PROBLEM TO SOLVE: After reading the entries below, copy word for word the lines from the first through the line containing "Games Workshop Warhammer", and stop there.

DATA FOR ANALYSIS:
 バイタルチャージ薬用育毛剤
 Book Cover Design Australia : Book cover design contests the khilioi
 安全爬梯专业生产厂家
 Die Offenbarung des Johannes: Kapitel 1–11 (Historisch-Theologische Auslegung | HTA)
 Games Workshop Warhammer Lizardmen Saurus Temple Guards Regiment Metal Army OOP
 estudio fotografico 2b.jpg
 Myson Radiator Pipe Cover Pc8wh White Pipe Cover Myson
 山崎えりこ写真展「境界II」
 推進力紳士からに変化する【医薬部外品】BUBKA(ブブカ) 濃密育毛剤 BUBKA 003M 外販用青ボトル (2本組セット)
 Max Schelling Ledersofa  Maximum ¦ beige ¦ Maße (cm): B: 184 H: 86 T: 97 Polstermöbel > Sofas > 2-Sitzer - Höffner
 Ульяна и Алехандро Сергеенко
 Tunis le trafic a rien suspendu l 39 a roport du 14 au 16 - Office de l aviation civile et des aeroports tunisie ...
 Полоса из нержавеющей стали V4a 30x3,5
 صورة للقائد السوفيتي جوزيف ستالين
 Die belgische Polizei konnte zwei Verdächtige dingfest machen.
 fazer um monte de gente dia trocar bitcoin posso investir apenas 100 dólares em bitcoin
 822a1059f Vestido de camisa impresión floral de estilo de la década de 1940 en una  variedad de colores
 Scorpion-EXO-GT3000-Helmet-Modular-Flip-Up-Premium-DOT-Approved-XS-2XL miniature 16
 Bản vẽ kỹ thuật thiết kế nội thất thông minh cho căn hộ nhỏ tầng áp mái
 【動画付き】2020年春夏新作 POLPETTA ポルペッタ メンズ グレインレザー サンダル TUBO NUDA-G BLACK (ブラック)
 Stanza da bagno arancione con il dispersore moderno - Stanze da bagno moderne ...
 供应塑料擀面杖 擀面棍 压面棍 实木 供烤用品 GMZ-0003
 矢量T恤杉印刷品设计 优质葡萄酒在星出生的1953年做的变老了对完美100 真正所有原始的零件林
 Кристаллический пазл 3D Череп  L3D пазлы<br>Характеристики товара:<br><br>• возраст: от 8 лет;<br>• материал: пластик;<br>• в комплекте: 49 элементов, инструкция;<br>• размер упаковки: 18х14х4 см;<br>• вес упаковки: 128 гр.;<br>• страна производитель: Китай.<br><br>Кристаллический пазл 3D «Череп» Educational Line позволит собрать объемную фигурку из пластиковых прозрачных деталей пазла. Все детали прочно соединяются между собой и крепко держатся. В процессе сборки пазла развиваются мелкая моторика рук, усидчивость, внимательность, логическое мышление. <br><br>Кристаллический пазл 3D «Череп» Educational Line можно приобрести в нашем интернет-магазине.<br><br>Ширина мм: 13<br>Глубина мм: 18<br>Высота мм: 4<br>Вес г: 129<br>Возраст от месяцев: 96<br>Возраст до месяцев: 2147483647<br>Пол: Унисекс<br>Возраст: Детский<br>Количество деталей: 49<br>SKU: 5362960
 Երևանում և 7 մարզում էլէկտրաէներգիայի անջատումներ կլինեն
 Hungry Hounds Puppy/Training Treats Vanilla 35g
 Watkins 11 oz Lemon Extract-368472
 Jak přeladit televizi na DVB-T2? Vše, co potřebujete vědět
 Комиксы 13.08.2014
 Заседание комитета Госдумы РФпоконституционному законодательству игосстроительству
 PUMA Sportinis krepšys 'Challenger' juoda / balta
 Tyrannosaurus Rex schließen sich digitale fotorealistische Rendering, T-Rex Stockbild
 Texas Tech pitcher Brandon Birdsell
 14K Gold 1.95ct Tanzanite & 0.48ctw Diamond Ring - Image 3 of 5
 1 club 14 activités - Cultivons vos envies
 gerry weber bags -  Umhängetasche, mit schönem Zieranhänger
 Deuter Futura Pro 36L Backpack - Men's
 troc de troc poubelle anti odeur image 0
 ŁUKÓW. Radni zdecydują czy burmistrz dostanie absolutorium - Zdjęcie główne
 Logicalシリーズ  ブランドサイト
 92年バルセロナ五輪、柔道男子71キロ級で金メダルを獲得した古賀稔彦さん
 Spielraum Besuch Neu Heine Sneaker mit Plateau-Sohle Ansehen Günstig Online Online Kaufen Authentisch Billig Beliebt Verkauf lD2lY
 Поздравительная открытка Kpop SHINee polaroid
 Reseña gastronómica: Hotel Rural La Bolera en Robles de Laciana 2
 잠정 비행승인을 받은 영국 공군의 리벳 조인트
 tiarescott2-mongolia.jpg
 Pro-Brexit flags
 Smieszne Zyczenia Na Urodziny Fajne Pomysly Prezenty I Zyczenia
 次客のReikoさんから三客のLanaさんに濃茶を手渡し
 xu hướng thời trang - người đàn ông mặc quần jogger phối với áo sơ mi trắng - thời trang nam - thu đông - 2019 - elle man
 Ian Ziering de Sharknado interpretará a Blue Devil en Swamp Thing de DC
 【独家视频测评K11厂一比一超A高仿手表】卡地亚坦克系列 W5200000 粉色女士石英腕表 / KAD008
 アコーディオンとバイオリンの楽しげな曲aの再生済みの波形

YOUR RESPONSE:
 バイタルチャージ薬用育毛剤
 Book Cover Design Australia : Book cover design contests the khilioi
 安全爬梯专业生产厂家
 Die Offenbarung des Johannes: Kapitel 1–11 (Historisch-Theologische Auslegung | HTA)
 Games Workshop Warhammer Lizardmen Saurus Temple Guards Regiment Metal Army OOP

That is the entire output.